Jerusalem, Israel
Israel's unemployment rate dropped to a preliminary 5 percent in October, capping a steady decline of two-and-a-half years to its lowest rates since the late 1980s, but even the government's Central Bureau of Statistics (CBS) was quick to discount the importance of the figure.
Moreover, economists said the trend of declining joblessness - the fruit of nearly eight years of almost non-stop economic growth - is probably reaching an end as the troubles of Europe spread to the global economy and to Israel, whose economy is small and heavily reliant on foreign trade.
"The economy is slowing, maybe not dramatically, but it is slowing. When we look at the composite index, when you look at export figures and certainly housing data, we see slower demand, weakening consumer confidence," Jonathan Katz, an economist who covers Israel for HSBC Holdings, told The Media Line. "My guess would be that we'll see unemployment at 5.5 percent or a little higher for all of Q4."
Israeli gross domestic product will probably grow close to 5 percent this year, but with Europe weighed down by debt woes and bringing the global economy down with it, Israel will have trouble maintaining anything close to that rate. HSBC is forecasting growth of just 2.4 percent this year and Barclays Capital a slightly more optimistic 2.8 percent.
Finance Minister Yuval Steinitz put a positive spin on the jobless statistics. "We're proud of the drop in unemployment to a historic [low] of 5 percent, which is testimony to the success of the government's anti-crisis policy," he said in a statement. "Nevertheless, in order to preserve this achievement of low unemployment in the future, too, in light of the growing crisis in Europe, we need to encourage investment and growth while maintaining fiscal discipline."
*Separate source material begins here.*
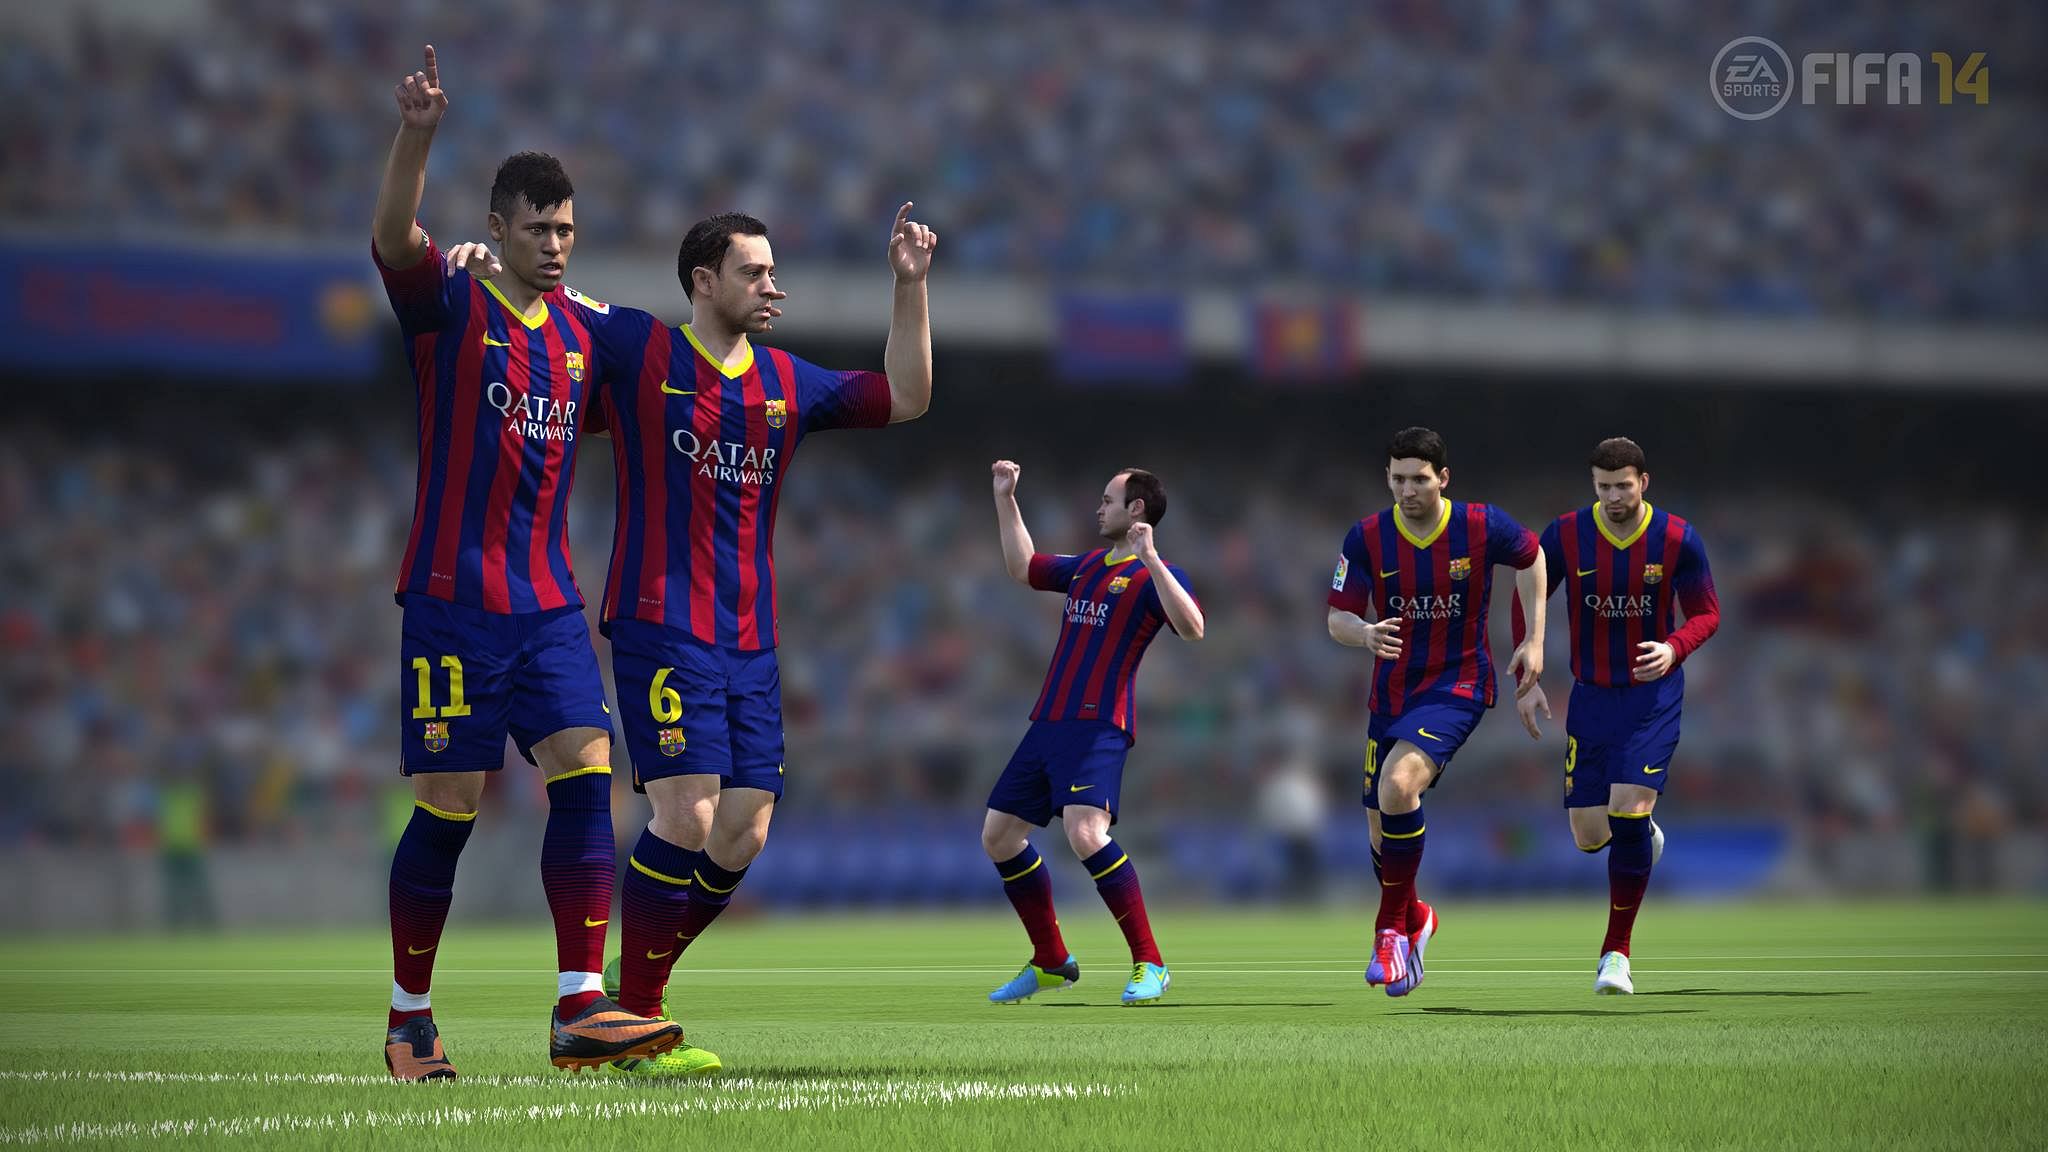 Play FIFA 14 as FC Barcelona on mobile telephones

But, in fact, the government faces a dilemma as slower growth will almost certainly raise the jobless rate even as it struggles to design a more "social" economic policy after last summer's tent cities and mass protests against the high cost of living and housing. A package of recommendations by the so-called Trajtenberg committee remains trapped in political controversies and has only been enacted in part.
Last week, the Knesset Finance Committee approved an additional 780 million shekels ($206 million) to the 59.5 billion-shekel defense budget, taking funding from welfare and housing to pay for it. Meanwhile, the Ha'aretz daily reported on Monday that Prime Minister Binyamin Netanyahu has decided not to cut the army's 2012 budget, which virtually ensures that two Trajtenberg proposals - free pre-school education and longer school days - are unlikely to become part of the 2012 budget.
The Israeli jobless rate is much lower than most Western economies. Unemployment among countries belonging to the Organization of Economic Cooperation and Development (OECD) rose to 8.3 percent in October 2011 from 8.2 percent the month before, with Euro-area joblessness at 10.3 percent. The U.S. rate was 8.6 percent.
The CBS itself doesn't put much stock in its monthly unemployment report. It is based on a smaller sampling of people than its more accurate quarterly labor reports and this October the sample was even smaller due to the timing of the Jewish High Holidays this year.
Ori Greenfeld, macro-economist at Tel Aviv's Psagot Investment House, suggested that the lower unemployment rate signals that people are dropping out of the workforce. When they do, they are no longer counted among unemployed.
There is already some evidence that that is happening, although Israel won't be publishing fourth-quarter labor data until the first quarter of 2012. CBS figures show the percentage of the population in the labor force has been easing lower in recent quarters from a peak of 57.7 percent in the second half of 2010 to 57.4 percent in the third quarter of 2011, the latest for which figures are available.
The CBS reported two weeks ago that the number of job vacancies had declined almost 11 percent to 60,200 in November compared with October. Meanwhile, GDP grew 3.4 percent, similar to its growth rate in the previous quarter. However, consumer spending growth slowed to just 0.9 percent annual rate, compared with 1.3 percent in the previous quarter, while exports plunged 16.9 percent rate, compared with growth of 1.5 percent in the previous quarter.
The Bank Hapoalim consumer confidence index increased in October to a level of 50.7, marking the first time in three months that the figure has been above the 50-point level. But the Bank of Israel composite state-of-the economy index rose only 0.2 percent in November, compared with more than double that pace a year ago.
"Israel is highly dependent on the global environment and as we go into a global slowdown we'll see the impact more and more," said Katz of HSBC. "We're already seeing it on exports and we'll see unemployment approaching 6.5 percent or 7 percent by end of 2012."